BYU researchers — including one undergraduate student — are part of a team that has identified gene variations that double a person’s risk of developing Alzheimer’s disease later in life.
Their research, led by Washington University School of Medicine, was published online today in top scientific journal Nature.
History major Cameron Schmutz is the sole undergraduate co-author on the research paper and joins biology professors John Kauwe and Perry Ridge, as well as BYU post-baccalaureate Maegan Leary, as BYU authors.
“I feel very lucky that I was able to participate in something that has such a large influence on the scientific community,” said Schmutz, who plans to attend medical school. “I’m grateful BYU was able to give me the opportunity to have this unique experience.”
The study used a process called whole exome sequencing to identify mutations in a gene never before linked to Alzheimer’s disease. Much of that sequencing took place on BYU’s campus, where Schmutz genotyped, tested and analyzed more than 5,000 DNA samples.
Although the newly identified gene variations occur rarely, making them difficult for researchers to identify, they represent a substantially increased Alzheimer’s risk for those who carry them.
“If you had the risky version of every Alzheimer’s gene that we discovered between 2009 and 2011, it would increase your chances for the disease by 15 percent,” said Kauwe, who has been involved in the discovery of several common genetic variants linked to both early-onset and more common late-onset forms of Alzheimer’s. “But if you have this single change in your DNA, it doubles your risk.”
As part of the new research, the investigators used a clever approach for identifying rare mutations: They focused on families with several members who had Alzheimer’s. The team sequenced genes from several individuals in 14 families; some of which had Alzheimer’s and some who did not.
Comparing DNA from affected people in a family to those in the same family without the disorder, the team eventually identified variations in a gene (PLD3) that showed up in affected family members.

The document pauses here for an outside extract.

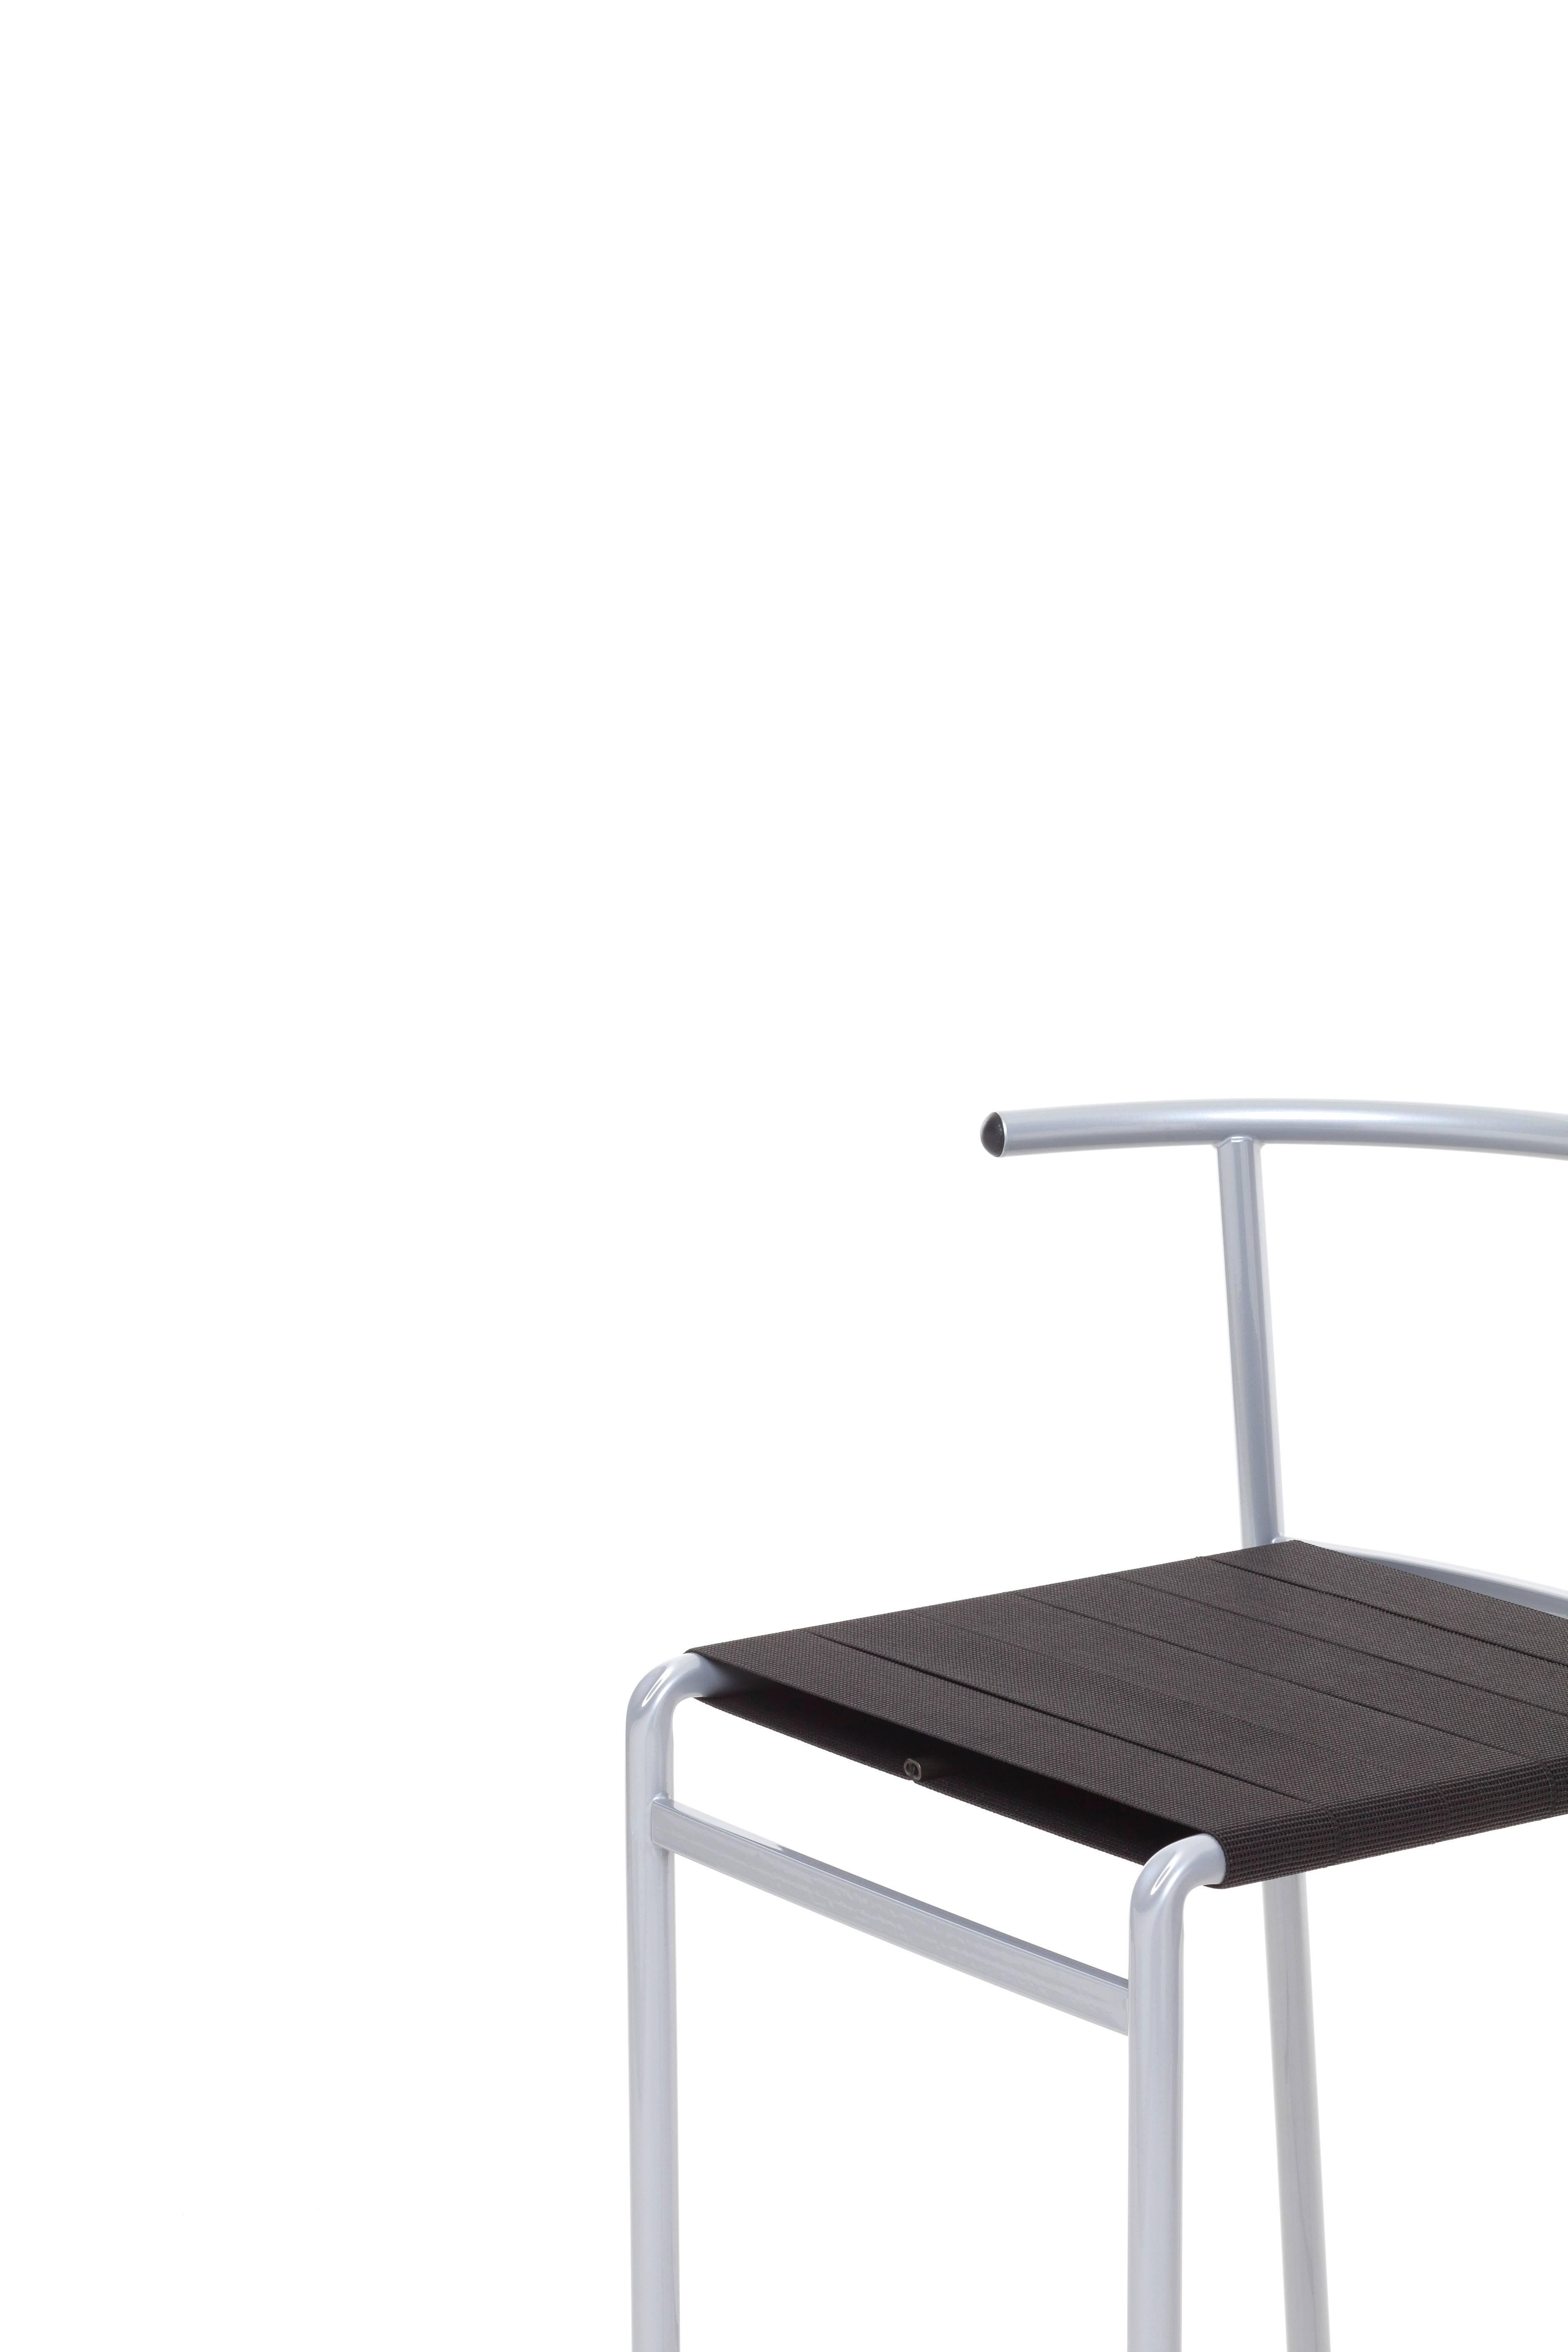 Ein Stuhl, der von dem berühmtesten französischen Designer für das damals berühmteste französische Café entworfen wurde: Das Café Costes in Paris. Dieser stapelbare Stuhl ist stabil und bequem: der ideale Stuhl für ein Café. Der Café Chair wurde in

Researchers then studied another 11,000 people with and without the disease and found PLD3 gene variants doubled the risk for Alzheimer’s disease.
“To put it simply, we take a whole family of people where there is too much disease and find out what the diseased people share that the healthy people don’t,” Kauwe said.
Added Washington University coauthor Alison Goate: “The approach we’ve taken is just as important as the discovery that this gene is involved in Alzheimer’s. By studying gene variants within families, we were able to narrow down the number of variants that might cause disease. If we had been using unrelated individuals, we would not have had the statistical power to find these rare variants.”
Finding mutations linked to Alzheimer’s disease means it may be possible one day to identify people at risk many years before they develop symptoms. It’s hoped that in the future, patients could be monitored for early signs of Alzheimer’s and possibly get treatments to slow the disease’s progress.
Carlos Cruchaga, assistant professor of psychiatry at Washington University School of Medicine, is the lead author on the study.